Luke 14:33 reads, “In the same way, any of you who does not give up everything he has cannot be my disciple.”


1. How is it that your relationship with Christ costs you nothing yet costs you everything?
2. Give another example of the revelation of Christ in the Old Testament.

Why Certain Women Were Mentioned

Readings – Matthew 1-2 and Psalms 18

Did you notice that there are five women mentioned in the genealogy of Jesus and that all of them were women who suffered from shame, gossip, disrepute, feeling like an outsider and being publicly accused of sinning! No other woman is specifically mentioned – only Tamar, Rahab, Ruth, Uriah’s wife Bathsheba, and Mary.

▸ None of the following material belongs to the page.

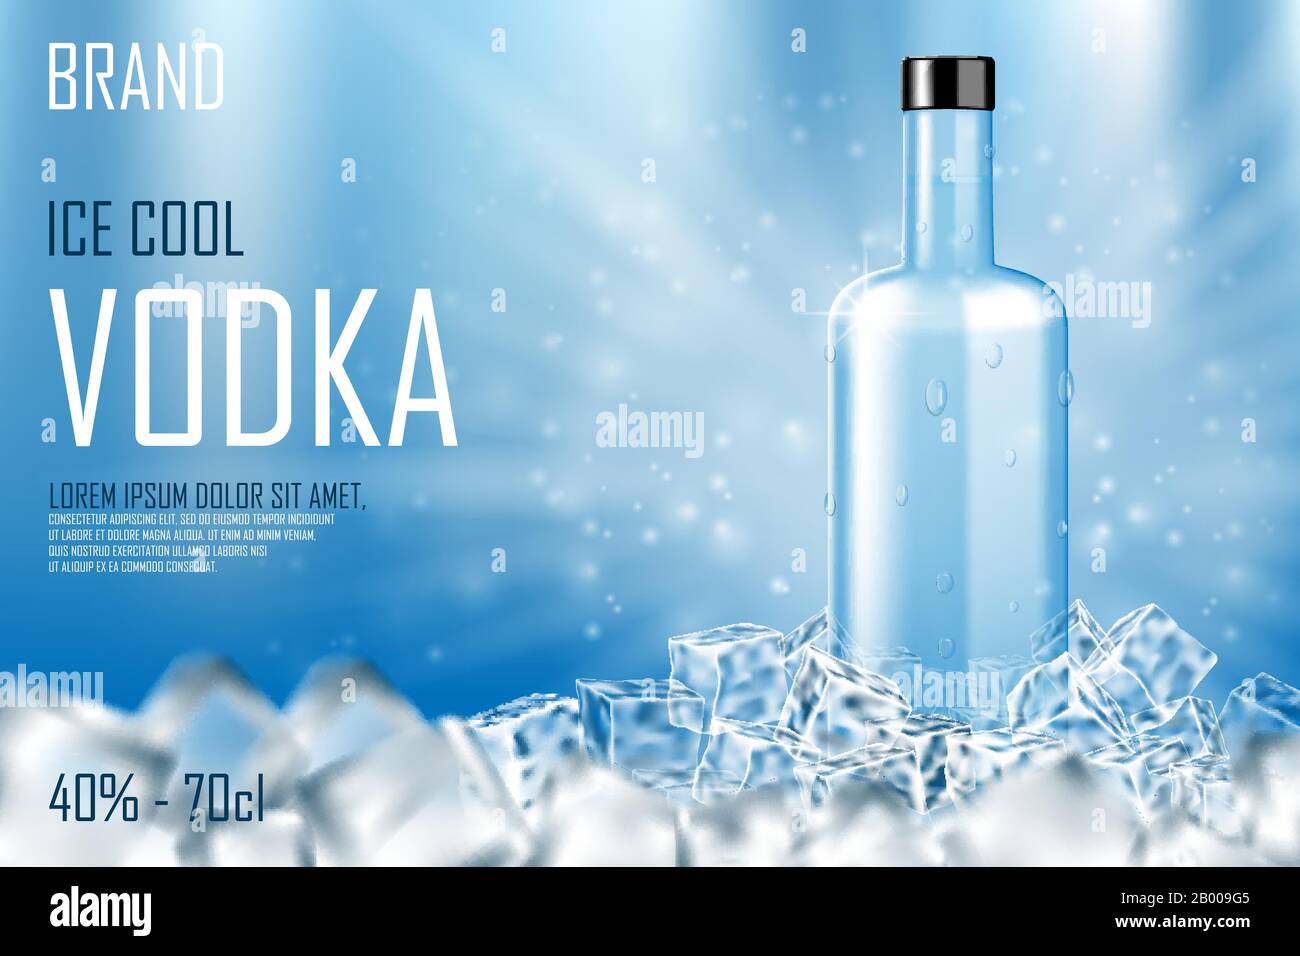 Wodka Flasche mit Eiswürfel Anzeige. Starker Alkoholtrunk verspottet auf glänzend blauem Grund und Wassertropfen. Werbebanner für Wodka. Realistischer 3D-Vektor Stock Vektor

You remember Tamar? (Genesis 38:25-30) She deliberately slept with her father-in- law, and her patriarch father-in-law Judah was more guilty than she was.

How about Rahab? (Joshua 6:17) She was the town prostitute who lived under the constant hateful eye of every woman within miles.

Then there was Ruth. (Ruth 4:13) She was a citizen of one of Israel’s most despised enemies, the Moabites. When she came to town, they couldn’t stop talking about “that foreigner”.

In second Samuel 11:27 we find Bathsheba, Uriah’s wife. – She was the one who was unfaithful to her hero husband and indirectly caused his death.

Finally there is Mary who was engaged to a fine Jewish carpenter named Joseph. There was one problem, however, – she was pregnant – and not by him!

There were obviously a lot of other wonderful and godly “Jewish” women in the genealogy of Jesus, but God singled out those with questionable reputations – those who were real examples to us of having faced tremendous adversity or even death at the hands of their community because of their reputation. These wonderful women seem to have a very special place in God’s heart even though some were “sinners” who turned to God later in life and some were rejected and completely misunderstood.

This passage outlines a “truth” about God that is astounding. Why would God choose an ordinary disreputable woman to bear His son? Why would Jesus then choose run-of-the-mill men and “sinners” to be the twelve Apostles – ordinary guys who would turn the world upside down for God’s glory? Paul the Apostle says; “Brothers, think of what you were when you were called. Not many of you were wise by human standards; not many were influential; not many were of noble birth. But God chose the foolish things of the world to shame the wise; God chose the weak things of the world to shame the strong.” (1 Corinthians 1:26-27)

God seems to specialize in “ordinary” people – not superstars. He says, “Blessed are the poor in heart” because, it seems; only these kinds of people can really see God.


1. If God chose “disreputable” men and women to accomplish great things for Him in the past, who do you suppose He wants to use now?

2. Comment on how your home church would change if all believers said “yes” to God the way these outcast women in the Bible did.